◆ **Exercise data**

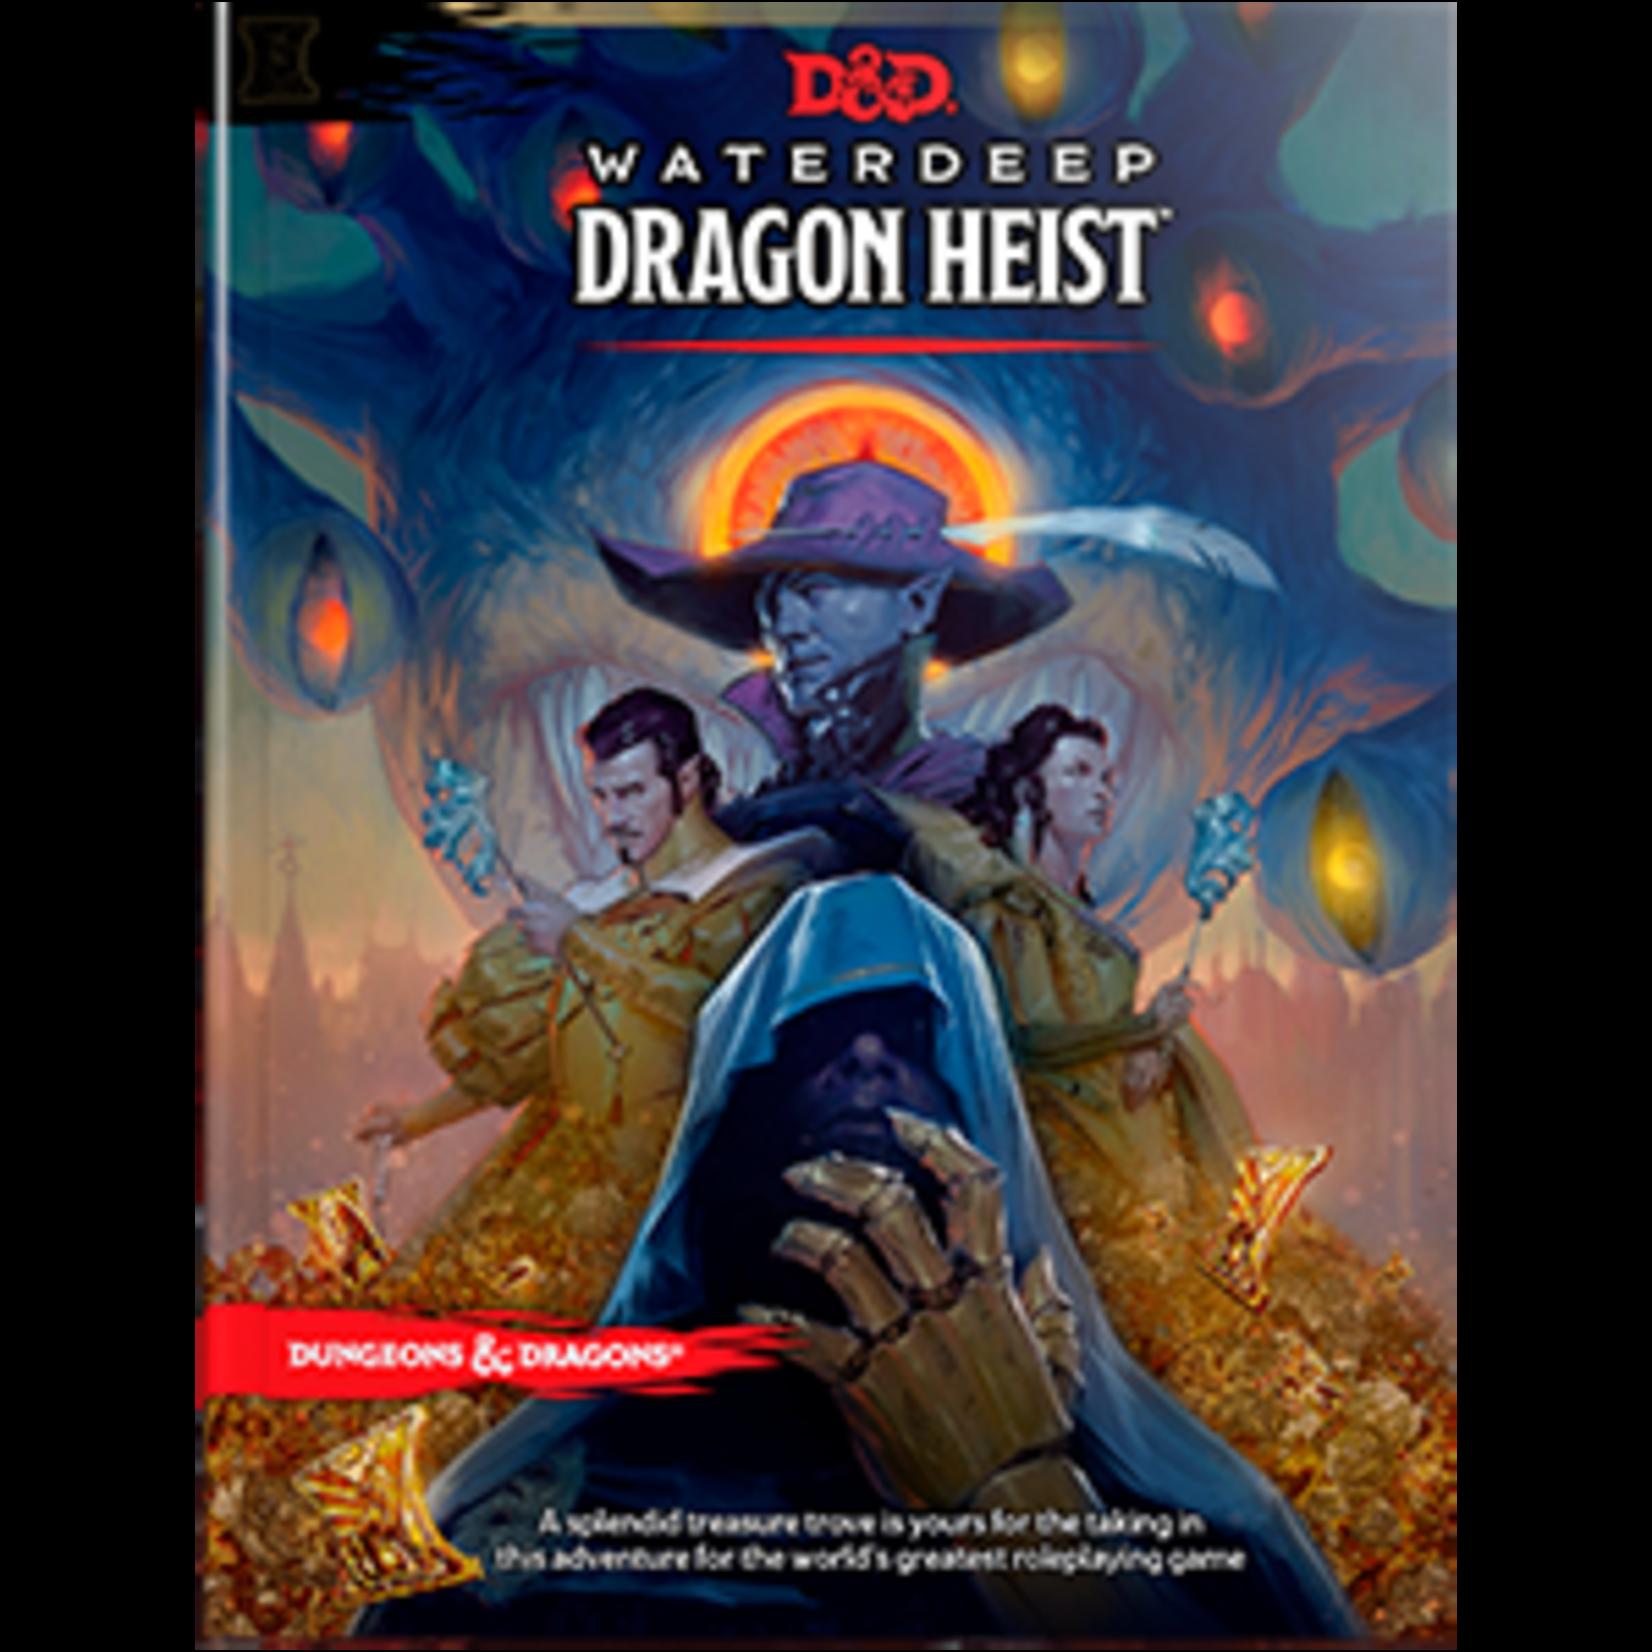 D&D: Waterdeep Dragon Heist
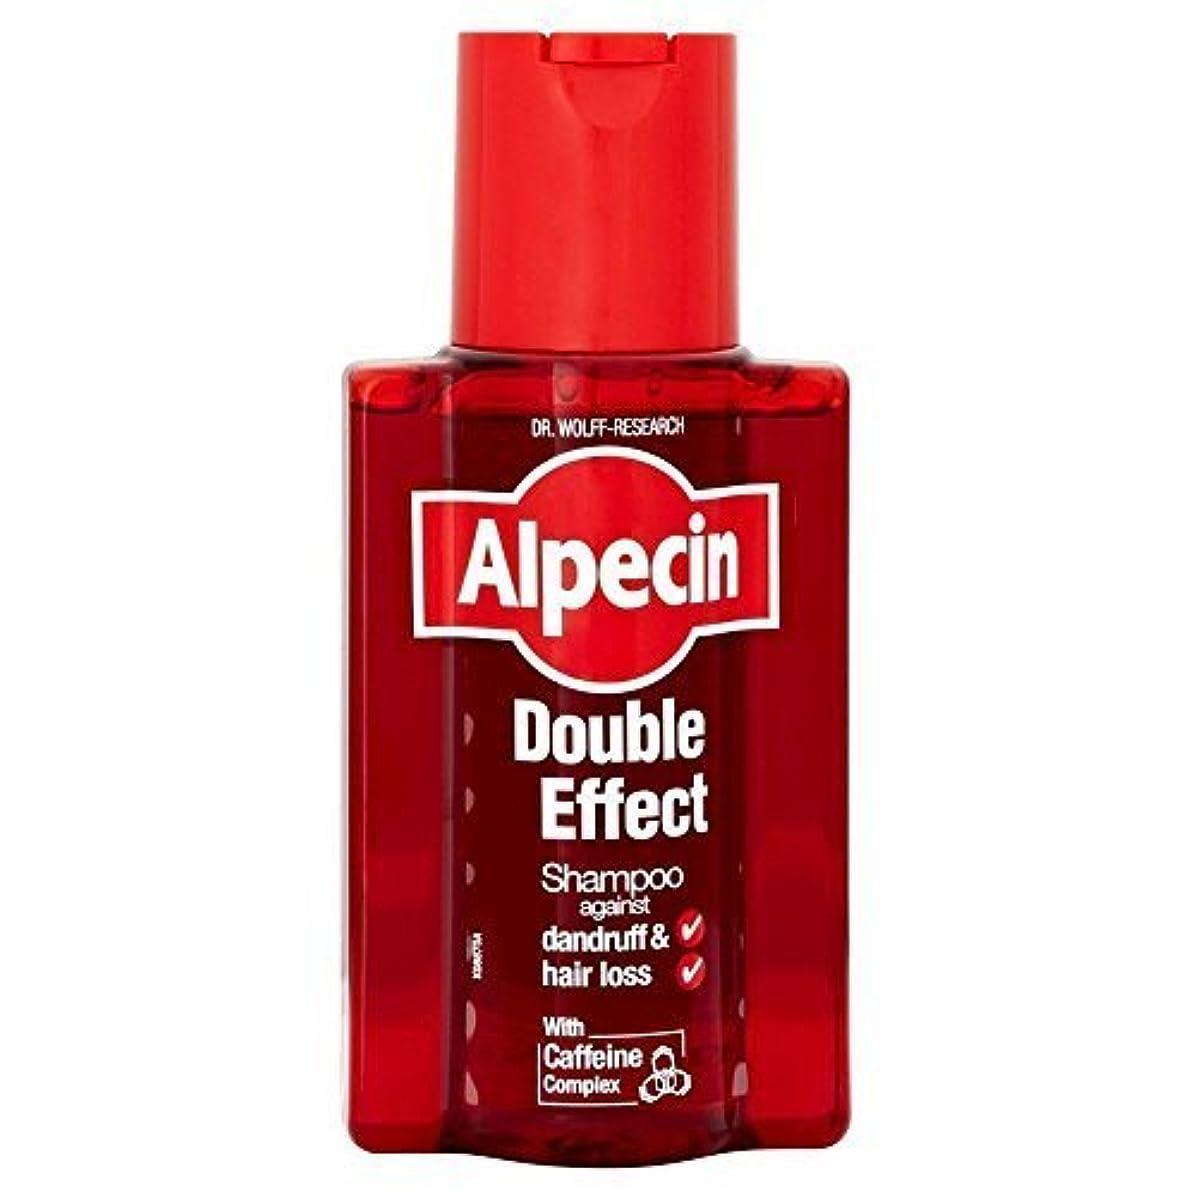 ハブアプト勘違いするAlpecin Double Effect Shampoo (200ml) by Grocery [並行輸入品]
...
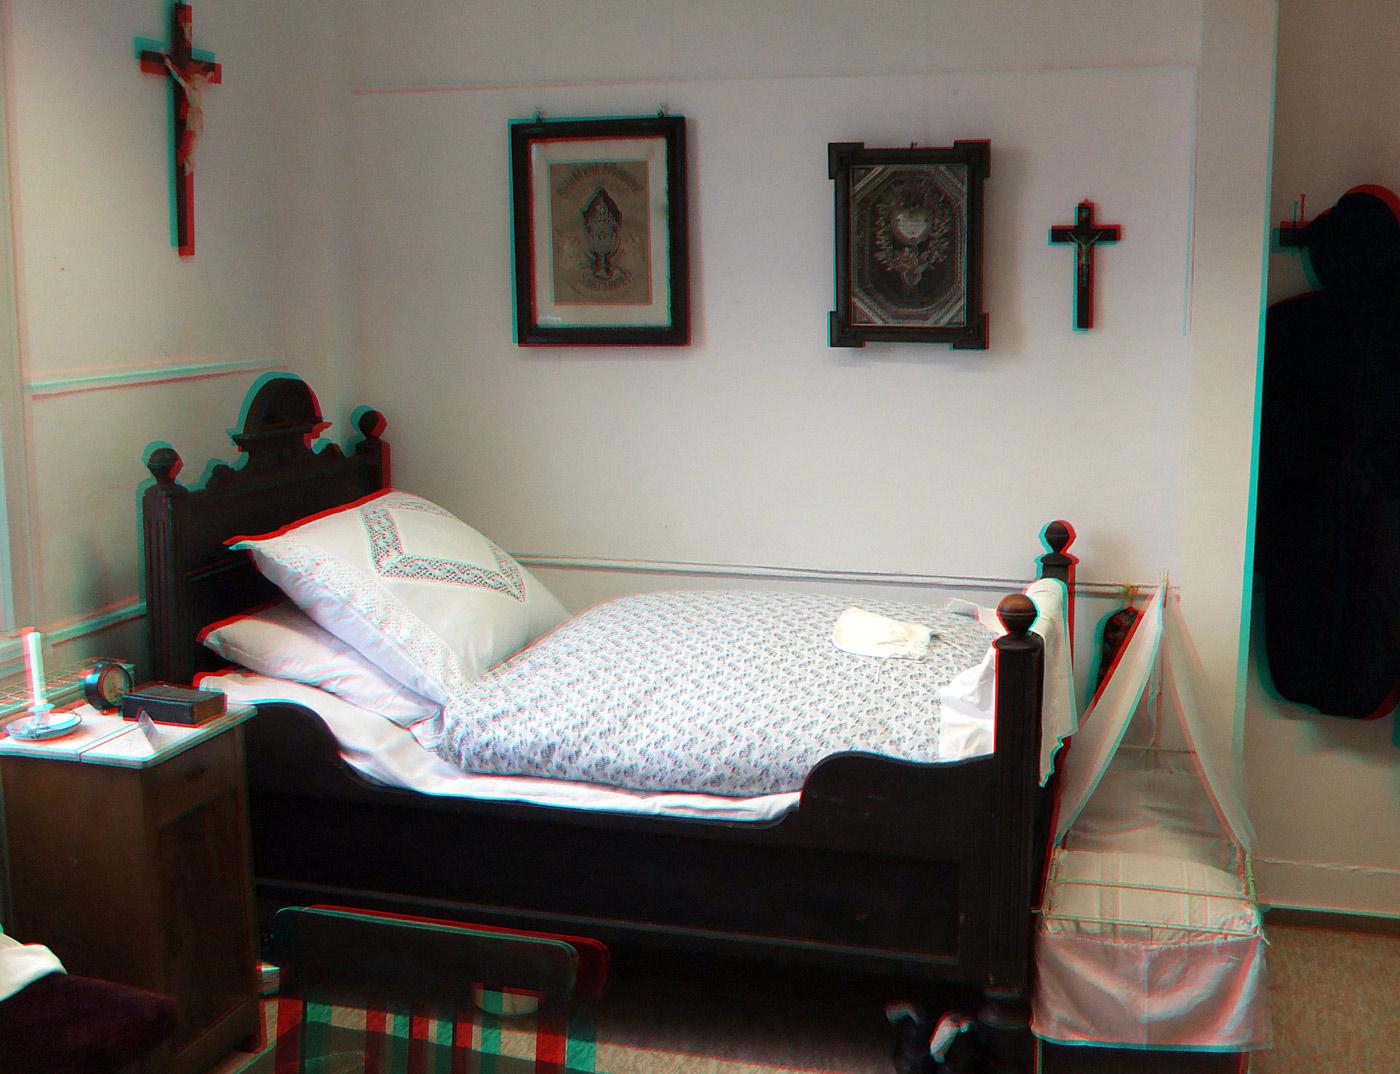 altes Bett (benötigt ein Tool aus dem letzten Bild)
--
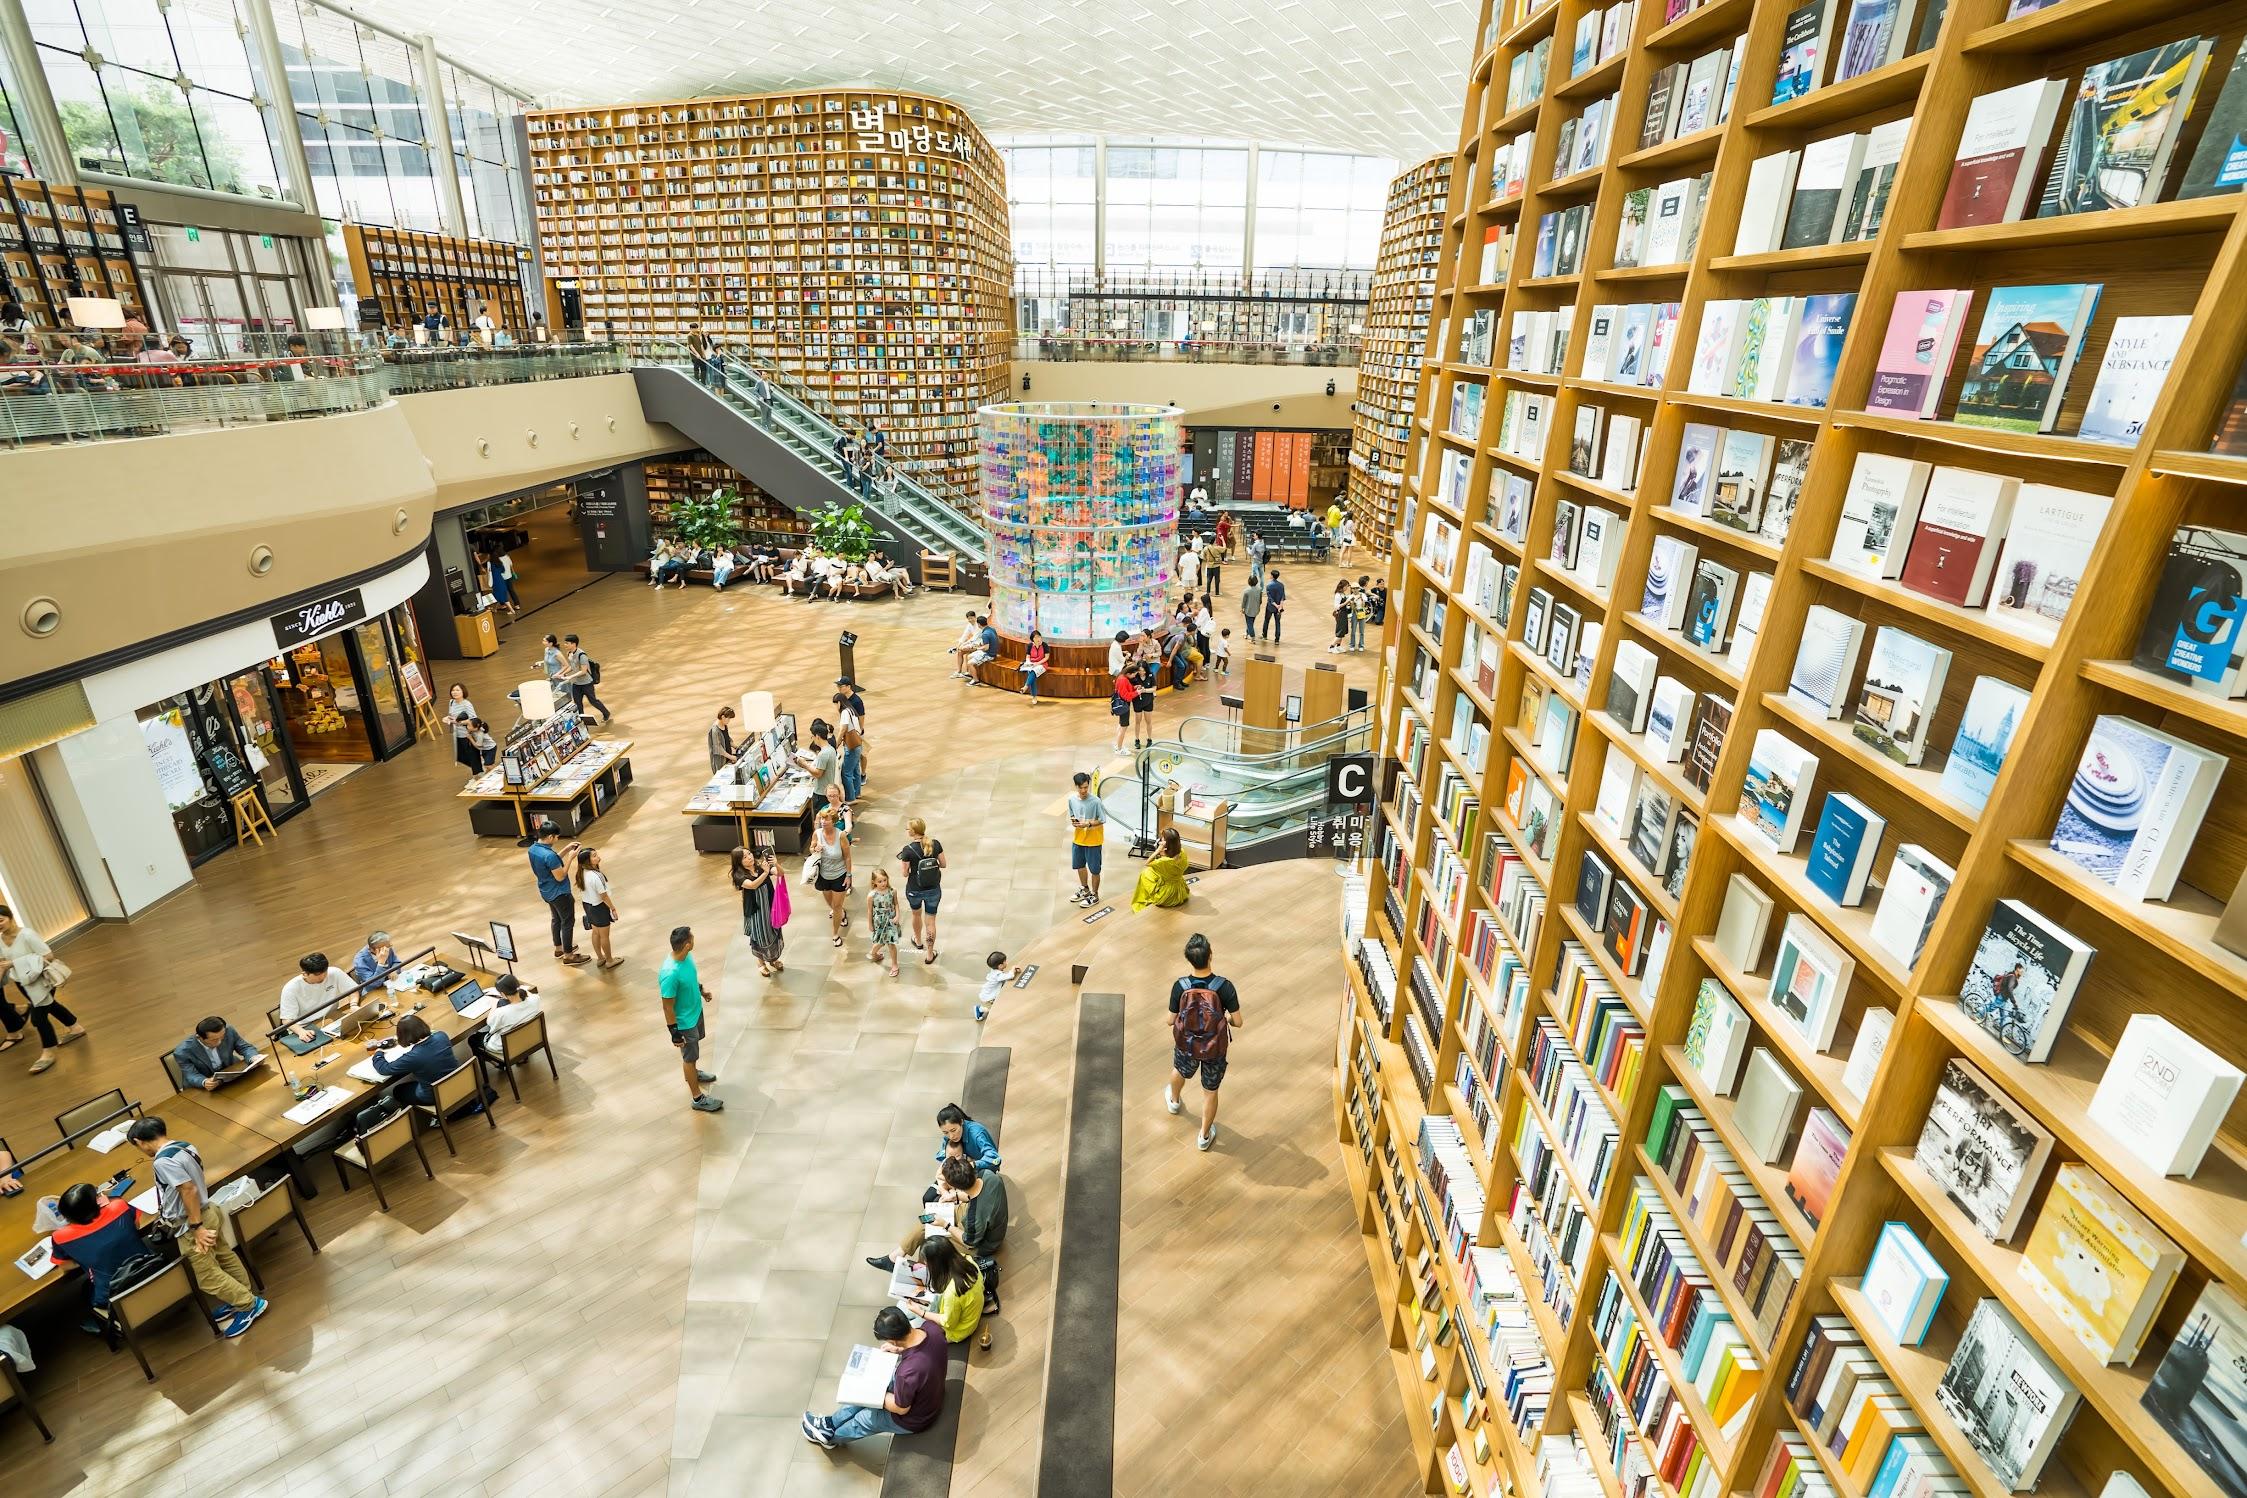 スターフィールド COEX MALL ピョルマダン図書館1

◆ **Assigned task**
From the line containing "D&D: Waterdeep Dragon Heist" through the line containing "ハブアプト勘違いするAlpecin Double Effect", copy every line above exactly, without pictures.

◆ **Response to this exercise**
 D&D: Waterdeep Dragon Heist
 ハブアプト勘違いするAlpecin Double Effect Shampoo (200ml) by Grocery [並行輸入品]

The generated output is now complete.